Hood sees the potential to create “a world virtually free of Alzheimer’s” within 10 years by processing information from such data clouds with computer-aided diagnostics to identify and track risk far earlier, and to design new treatments for specific sub-types of the debilitating disease.

That’s just one example of how health informatics is changing the future of health care right now. From battling the opioid epidemic to breakthroughs in combating sepsis and pediatric asthma, health informatics is the common denominator among countless initiatives with the promise to make the world a healthier place.

Additionally, because the demand for health informatics professionals is expanding so rapidly, this is also a time of opportunity in the employment market for people who possess health care and/or information technology experience.

For a closer look at the fascinating work being done by health care informatics professionals, here are several examples of notable health informatics projects and initiatives.

Combating the Opioid Crisis

With an average of 44 deaths each day from opioid-related overdoses and an estimated 2 million Americans suffering from addiction to prescription painkillers, the opioid epidemic is one of the nation’s most significant public health crises.

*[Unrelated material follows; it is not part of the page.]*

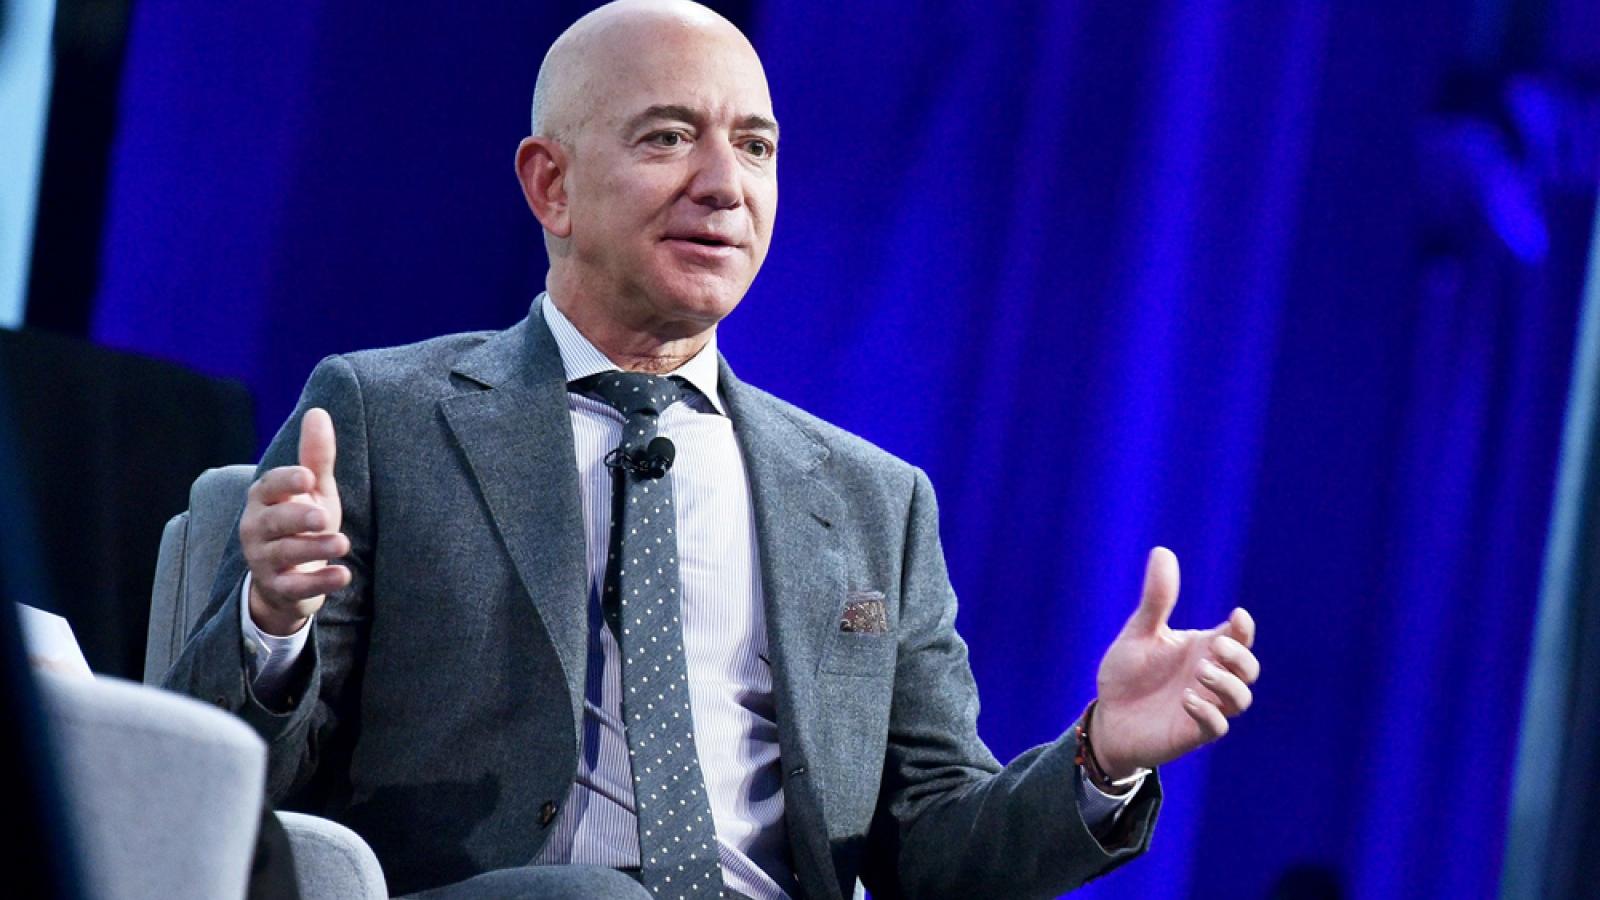 Tỷ phú Jeff Bezos bất ngờ rút khỏi vị trí CEO Amazon

Now, providers are looking to health informatics — combining data analytics and population health management strategies — to respond more effectively. Health informaticians are using improved access to data (including prescribing data) to:

  • Deepen their understanding of the risk factors for addiction
  • Reassess prescribing practices and introduce opioid alternatives where appropriate
  • Crack down more effectively on the small percentage of patients who are trying to scam providers into issuing prescriptions
  • Utilize new data-driven insights to put in place population health management strategies that help individual patients

Examples include the MO HealthNet initiative in Missouri, which used health informatics data insights to realize a 30 percent statewide drop in the rate of prescriptions for Schedule II opioids.

Another example involves a dashboard tool created by the Rhode Island Quality Institute that makes it easier for primary care providers and opioid treatment centers to more effectively access and share information. Users of the Care Management Dashboard saw their patients’ emergency department return visits within 30 days reduced by 16 percent, an outcome that earned the institute a 2018 Innovator Award from Healthcare Informatics.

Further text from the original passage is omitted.